To view a tour through the space where the fits differ: select `Choose tour` option `Diff fits` and click on the arrow below `Tour Step` to watch.
You can increase the number of  points via the `Tour Length` slider.



## Regression:

Use the Boston housing data.

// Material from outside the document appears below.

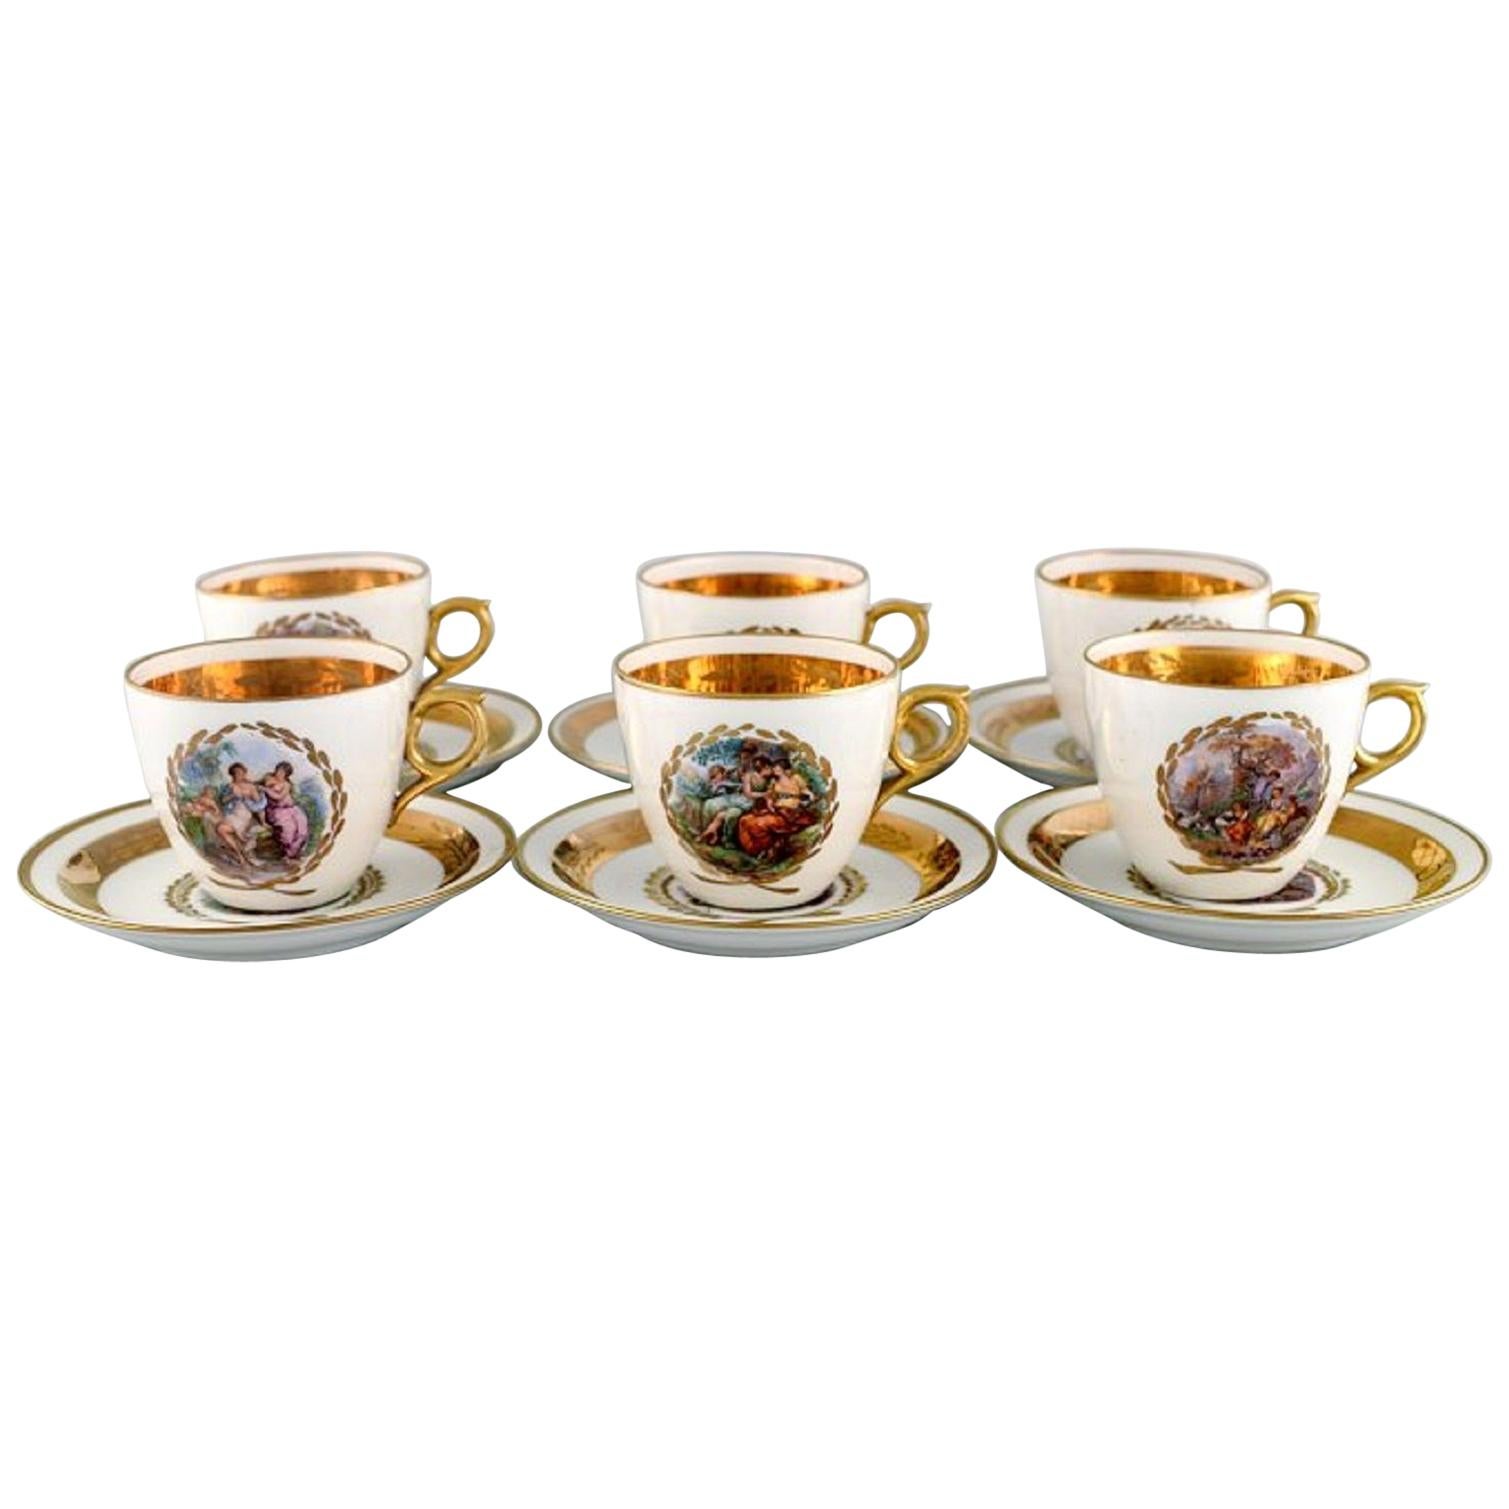 Six Royal Copenhagen Coffee Cups with Saucers in Porcelain with Romantic Scenes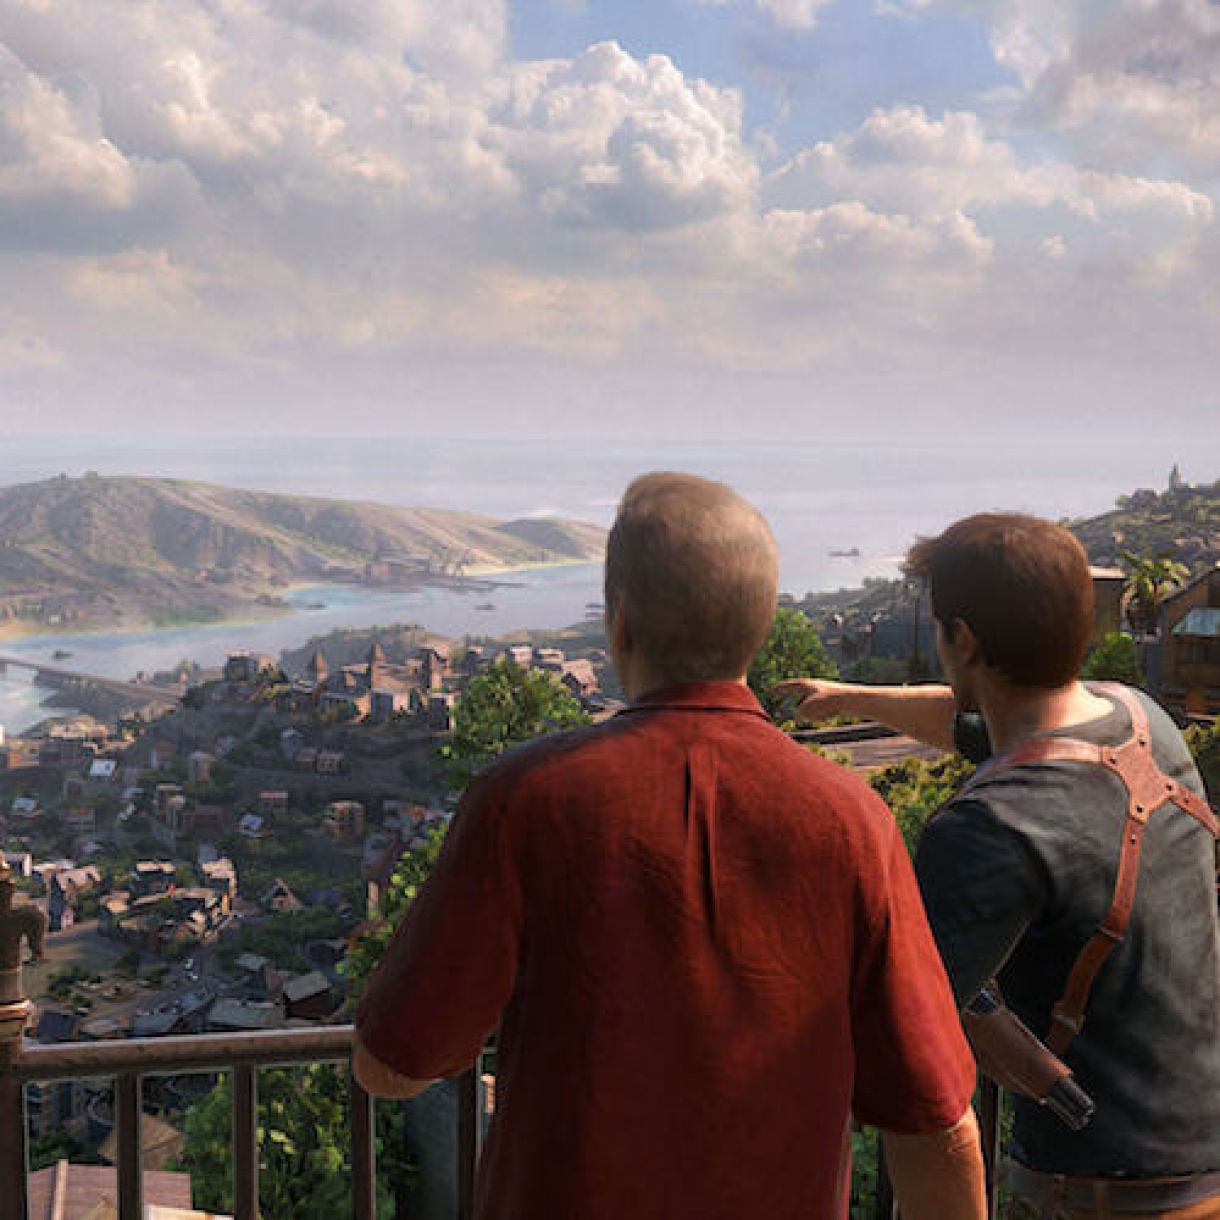 Uncharted 4 had some of the best graphics I've ever seen :) : r/gaming

This example comes from one of the original keras tutorial vignettes, which is no longer available.

Prepare data:
```{r}
boston_housing <- dataset_boston_housing()
c(train_data, train_labels) %<-% boston_housing$train
c(test_data, test_labels) %<-% boston_housing$test

# Normalize training data
train_data <- scale(train_data)

# Use means and standard deviations from training set to normalize test set
col_means_train <- attr(train_data, "scaled:center")
col_stddevs_train <- attr(train_data, "scaled:scale")
test_data <- scale(test_data, center = col_means_train, scale = col_stddevs_train)

```


Fit the model:
```{r}
build_model <- function() {

  model <- keras_model_sequential() %>%
    layer_dense(units = 64, activation = "relu",
                input_shape = dim(train_data)[2]) %>%
    layer_dense(units = 64, activation = "relu") %>%
    layer_dense(units = 1)

  model %>% compile(
    loss = "mse",
    optimizer = optimizer_rmsprop(),
    metrics = list("mean_absolute_error")
  )

  model
}

model <- build_model()
model %>% summary()


# Display training progress by printing a single dot for each completed epoch.
print_dot_callback <- callback_lambda(
  on_epoch_end = function(epoch, logs) {
    if (epoch %% 80 == 0) cat("\n")
    cat(".")
  }
)

epochs <- 500

# Fit the model 
early_stop <- callback_early_stopping(monitor = "val_loss", patience = 20)

model <- build_model()
history <- model %>% fit(
  train_data,
  train_labels,
  epochs = epochs,
  validation_split = 0.2,
  verbose = 0,
  callbacks = list(early_stop, print_dot_callback)
)

```

Create dataframes for `condvis`:
```{r}

column_names <- c('CRIM', 'ZN', 'INDUS', 'CHAS', 'NOX', 'RM', 'AGE',
                  'DIS', 'RAD', 'TAX', 'PTRATIO', 'B', 'LSTAT')
train_df <- data.frame(train_data)
colnames(train_df) <- column_names
train_df$medv <- as.numeric(train_labels)

test_df <- data.frame(test_data)
colnames(test_df) <- column_names
test_df$medv <- as.numeric(test_labels)
kpreds <- column_names
kresponse <- "medv"
```
Fit some other models for comparison (a random forest and a generalised additive model):

```{r}
suppressMessages(library(mgcv))
gam.model = gam(medv ~ s(LSTAT) + s(RM) + s(CRIM), data=train_df)

suppressMessages(library(randomForest))
rf.model <- randomForest(formula = medv ~ ., data = train_df)

```

Use `CVpredict` to compare RMSE in the scaled data:

```{r}

mean((test_labels - CVpredict(model, test_df, response=kresponse, predictors=kpreds))^2)
mean((test_labels - CVpredict(gam.model, test_df))^2)
mean((test_labels - CVpredict(rf.model, test_df))^2, na.rm=TRUE)
```

RF gives the best fit. 

```{r eval = FALSE}

kArgs <-  list(response=kresponse,predictors=kpreds)
condvis(train_df, list(gam = gam.model, rf = rf.model, kerasmodel = model), sectionvars = c("LSTAT", "RM"),predictArgs = list(NULL, NULL, kArgs) )

```

Ticking `Show 3d surface` shows the 3d-surface of the fit and you can use the `Rotate` slider to rotate them around the z-axis.

```{r echo=FALSE, out.width='100%', eval=T}
knitr::include_graphics(paste0(fpath, "Boston.png"))
```

Random forest gives a blockier fit, compared to the smooth gams and the neural net. The RF fit is more flexible in the areas where there is more data points.